Growing up, we closely observed how our caregivers recharged and took care of themselves (or failed to do so). Consider:
- Did your parents practice self-care by pursuing hobbies, getting enough rest, making time for fun? Or were they overworked, depleted, rarely taking breaks?
- Did they have constructive outlets for dealing with life’s difficulties such as exercise, therapy, connection, faith? Or did they lean heavily on destructive numbing devices like addictions?
Seeing parents attend to their own wellbeing with balanced self-nurturing gives us permission to do the same.
Their modeling enables our ability to cope and thrive rather than merely survive.

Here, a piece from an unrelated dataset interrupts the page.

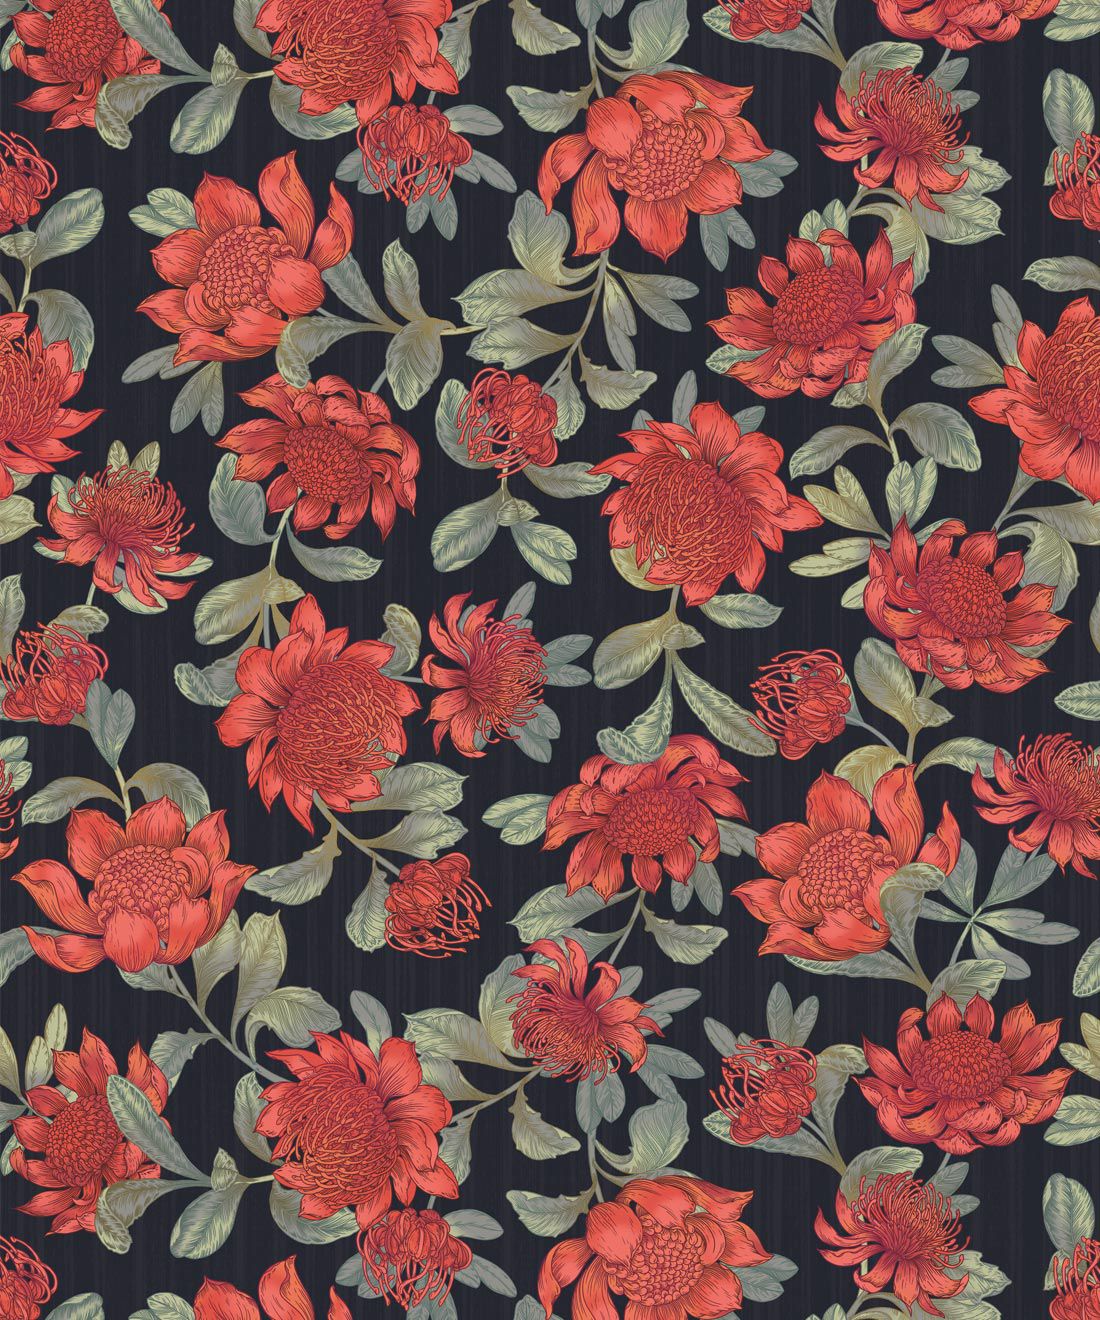 Waratah Wallpaper • Vintage Floral Wallpaper Europe

Providing for Basic Needs and Preparing You for Adulthood
Basic Needs
The degree to which our basic needs get met during childhood impacts everything from brain development to emotional regulation capacity to relationships. Assess whether your parents:
- Reliably provided healthy nutrition, clothing, safe housing
- Made doctors appointments, gave medication as needed
- Provided school supplies, toys for play
Failing to meet these basic physiological and safety needs causes ongoing issues like developmental delays from malnutrition, PTSD from neglect.
Preparing for Adulthood
Ideally, parents also help kids build real world skills needed for an independent, fulfilling adult life. Consider whether your folks taught lessons around:
- Health/Hygiene – Brushing teeth, using deodorant, women’s health, safe sex, fitness, nutrition etc.

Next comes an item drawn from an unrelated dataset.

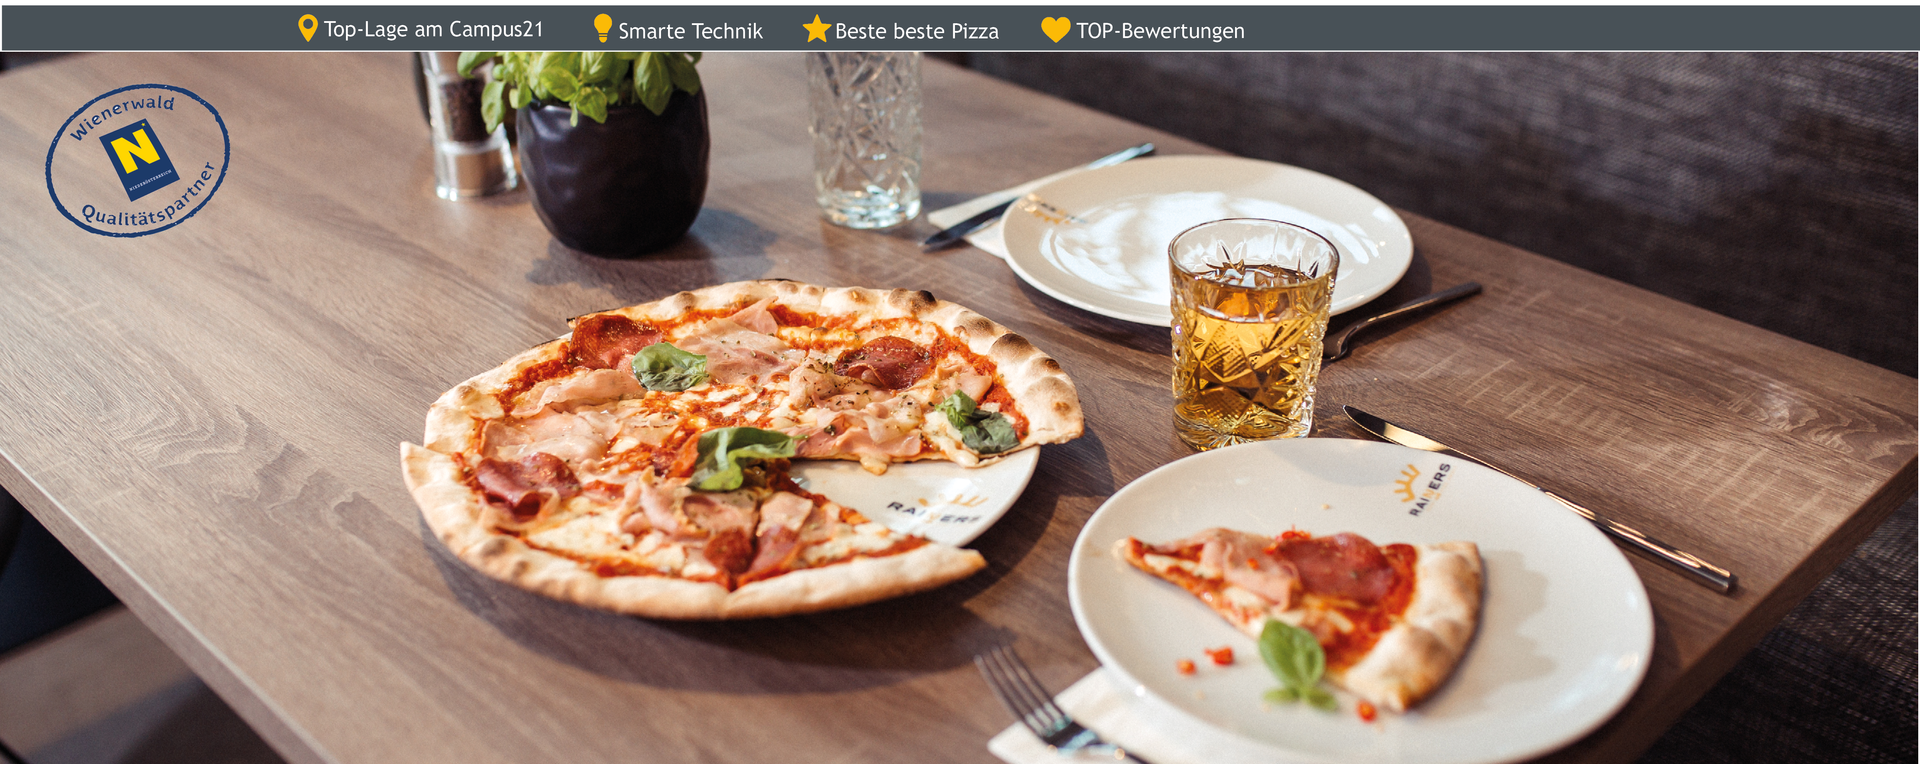 Eine Pizza Margharita mit einer schnitte auf dem Teller und einem Glas Eistee neben dem Teller im Rainers21 Restaurant Ventuno

- Household duties – Cleaning, laundry, yardwork, pet care, cooking, finances
- Social skills – Making friends, handling peer pressure, resolving conflict, conversational skills and etiquette
- Education and career – Helping with homework, encouraging passions/talents, building work ethic, discussing jobs
- Hands-on life skills – Driving practice, first aid, travel navigation, time management, home/auto repairs
The degree of preparation we receive equips us for challenges awaiting after moving out and transitioning into grown up responsibilities.
Impact of Generational, Cultural Context
While parents undoubtedly influence kids’ development, their own upbringing and cultural context play a role too.
- Reflect on your parents’ childhoods – was their parenting shaped by generational traditions or dysfunction inherited from their folks?
- Did religious or cultural background introduce norms around gender roles, academic pressure, use of physical discipline?
Seeing our parents as imperfect beings with their own formative wounds – rather than solely as our tormenters – allows for forgiveness, breaking detrimental cycles moving forward.
Conclusion: Making Peace with an Imperfect Upbringing
Chances are your parents faltered in certain areas yet still managed to get some fundamental things right. Perhaps they prepared you for academic success yet struggled meeting emotional needs.
Or showed care in loving provision while failing at follow through with guidance.
Rather than judging, use reflections of their strengths and shortcomings to better understand your learned behaviors and current challenges.
Then you can consciously parent yourself where they fell short – and even forgive them in the process. While an imperfect upbringing leaves its scars, accepting it calmly prevents further bleeding enabling you to build better bonds moving forward.
Use the lessons learned to disrupt detrimental family cycles, heal your inner child’s wounds with self-compassion and forge new patterns with your own kids focused on mutual understanding.